§ Directions: Exactly the line with "2019 Toyota Corolla Sale" and the lines that follow it, through the closing line of the entries, should be restated, with nothing left out or added.

------ Records for the task

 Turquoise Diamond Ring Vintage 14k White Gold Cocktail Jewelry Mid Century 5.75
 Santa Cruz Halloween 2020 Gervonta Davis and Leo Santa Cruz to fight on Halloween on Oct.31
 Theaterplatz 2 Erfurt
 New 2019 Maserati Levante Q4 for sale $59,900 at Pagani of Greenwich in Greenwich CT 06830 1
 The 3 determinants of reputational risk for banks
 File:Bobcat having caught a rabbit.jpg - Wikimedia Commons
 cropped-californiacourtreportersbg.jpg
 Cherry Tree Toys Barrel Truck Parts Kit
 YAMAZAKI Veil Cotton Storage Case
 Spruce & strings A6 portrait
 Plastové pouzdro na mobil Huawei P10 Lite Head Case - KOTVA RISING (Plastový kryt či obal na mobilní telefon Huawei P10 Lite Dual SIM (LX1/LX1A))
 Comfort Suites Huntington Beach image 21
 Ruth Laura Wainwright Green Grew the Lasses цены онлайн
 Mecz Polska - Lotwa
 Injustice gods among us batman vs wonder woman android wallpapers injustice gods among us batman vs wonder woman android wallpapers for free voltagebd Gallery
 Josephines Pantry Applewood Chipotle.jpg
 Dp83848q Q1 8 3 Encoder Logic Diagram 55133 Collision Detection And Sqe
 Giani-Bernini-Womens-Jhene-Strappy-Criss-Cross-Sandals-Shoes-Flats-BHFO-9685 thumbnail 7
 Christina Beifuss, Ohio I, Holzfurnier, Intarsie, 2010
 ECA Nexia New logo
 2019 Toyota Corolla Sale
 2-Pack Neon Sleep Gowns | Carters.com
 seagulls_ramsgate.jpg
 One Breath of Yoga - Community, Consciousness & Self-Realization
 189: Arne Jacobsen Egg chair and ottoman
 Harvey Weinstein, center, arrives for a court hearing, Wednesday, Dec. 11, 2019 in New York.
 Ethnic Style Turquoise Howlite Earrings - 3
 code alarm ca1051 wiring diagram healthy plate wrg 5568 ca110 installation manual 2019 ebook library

------------

§ Problem solution:
 2019 Toyota Corolla Sale
 2-Pack Neon Sleep Gowns | Carters.com
 seagulls_ramsgate.jpg
 One Breath of Yoga - Community, Consciousness & Self-Realization
 189: Arne Jacobsen Egg chair and ottoman
 Harvey Weinstein, center, arrives for a court hearing, Wednesday, Dec. 11, 2019 in New York.
 Ethnic Style Turquoise Howlite Earrings - 3
 code alarm ca1051 wiring diagram healthy plate wrg 5568 ca110 installation manual 2019 ebook library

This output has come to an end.